COBOL PARKは5月11日、メインフレーム領域におけるアプリケーション保守開発サービスの知見を生かし、2026年4月1日付でAI活用に特化した新組織「AI推進室」を新設したことを発表した。

属人化や人材不足といった課題に対応しながら、顧客の基幹システムの安定運用と段階的なモダナイゼーションを支援する。

新組織設立の背景

メインフレームは現在でも多くの企業の基幹業務を支える重要なシステム基盤として利用されているが、業界全体では、メインフレーム技術者の高齢化・人材不足、属人化した業務知識の継承難といった課題が顕在化している。

その結果、品質維持および保証や安定的な運用維持が困難になるだけでなく、業務継続リスクの増加や将来的なモダナイゼーション、クラウド移行ができなくなるリスクも高まっている。

こうした課題に対し、AIを活用し、従来の人的リソースに依存したアプローチだけでは対応が難しかった、過去の情報の解析や作業効率化と品質の平準化を同時に図るため、業務プロセスの最適化や知識活用、品質向上を担う専門組織として、AI活用に特化した新組織「AI推進室」を設立した。

新組織「AI推進室」の位置づけと目的

「AI推進室」は基幹システムが稼働するメインフレーム環境を対象に、AIを活用したマイグレーションやアプリケーション保守・開発の高度化などに取り組み、顧客に多様な付加価値を提供する専門組織。

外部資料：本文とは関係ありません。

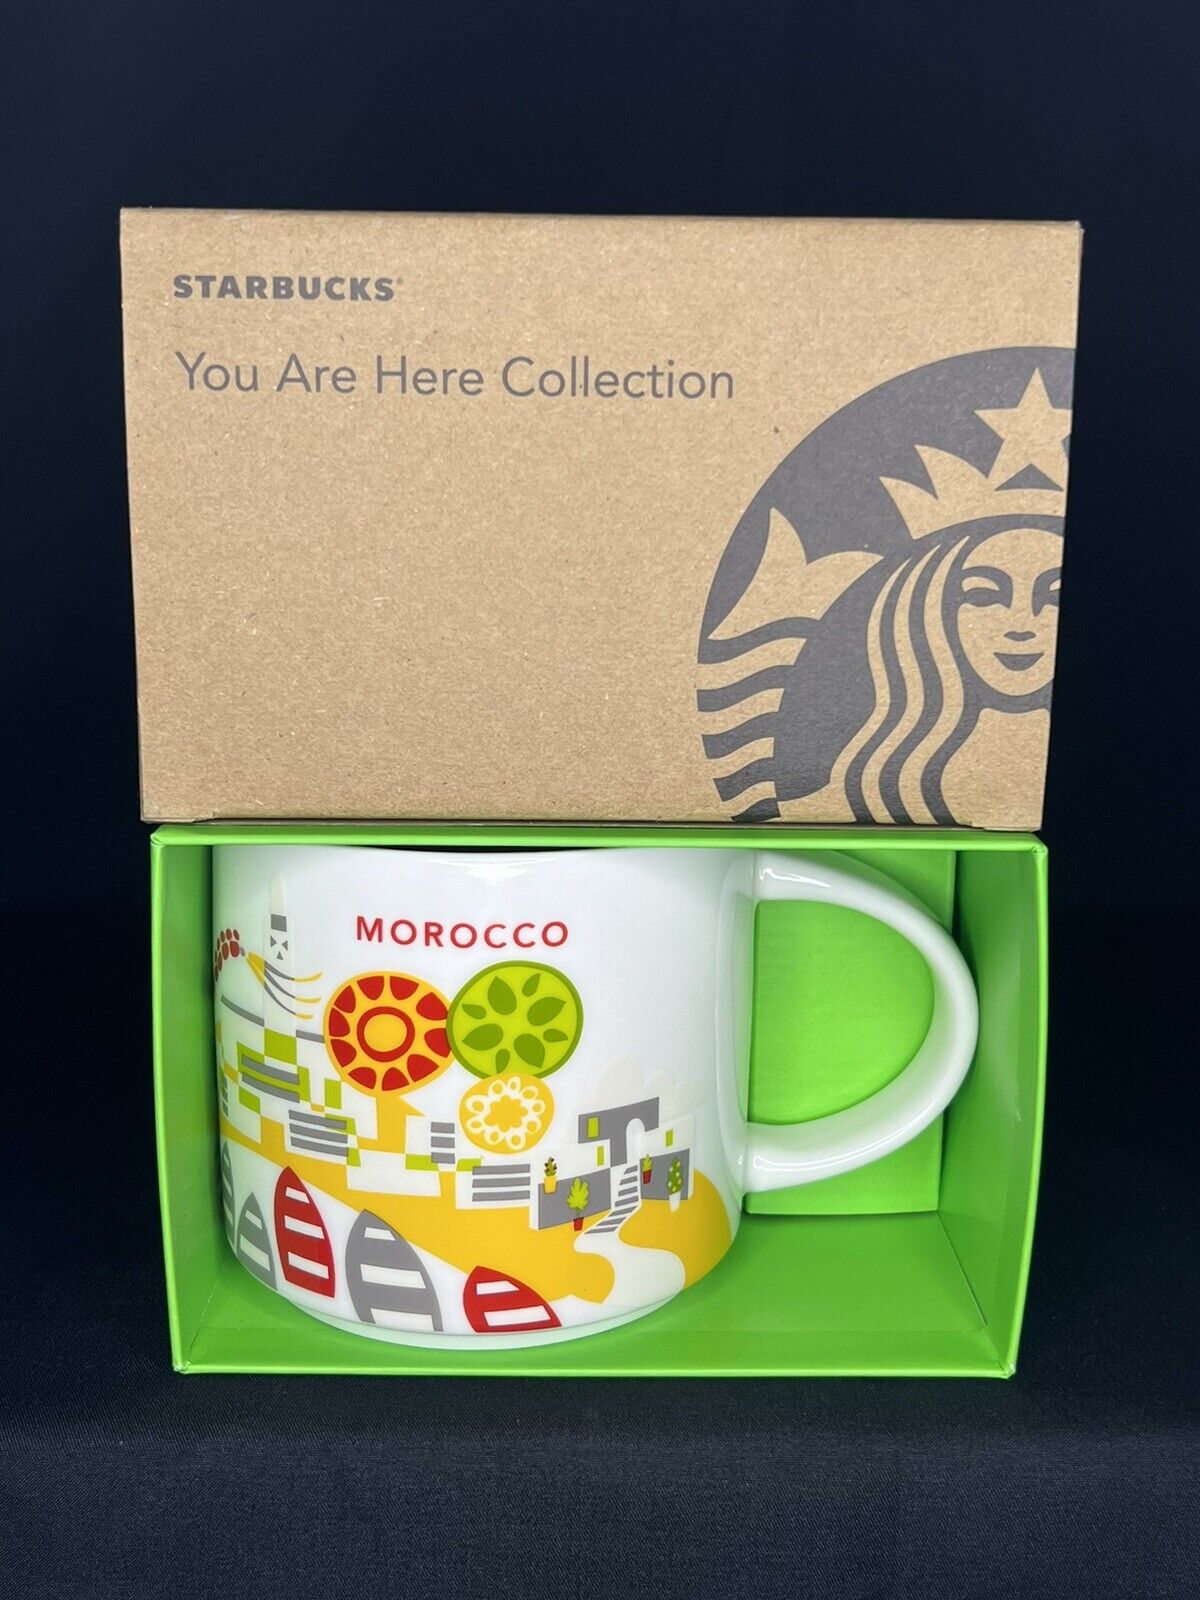 RARE Starbucks Morocco You Are Here Collection Mug 14oz 414mL Brand New with Box

マイグレーションにおける現行資産の解析や影響調査、設計・テストといった複雑で属人化しやすい工程に対し、AIを適用して作業の効率化と品質向上を実現し、メインフレーム環境を安定性と確実性を担保しながら、迅速にクラウドやオープン環境へ移行する。

COBOL PARKは今後、出資企業との連携を軸に、AIの専門性を有する技術パートナーとも順次協業を進め、メインフレームの保守・開発・モダナイゼーションの各工程においてAIを実装したサービスを段階的に提供する。

これにより、業界全体が直面する人材不足や属人化の課題解決に資するAI活用の社会実装を加速するとのことだ。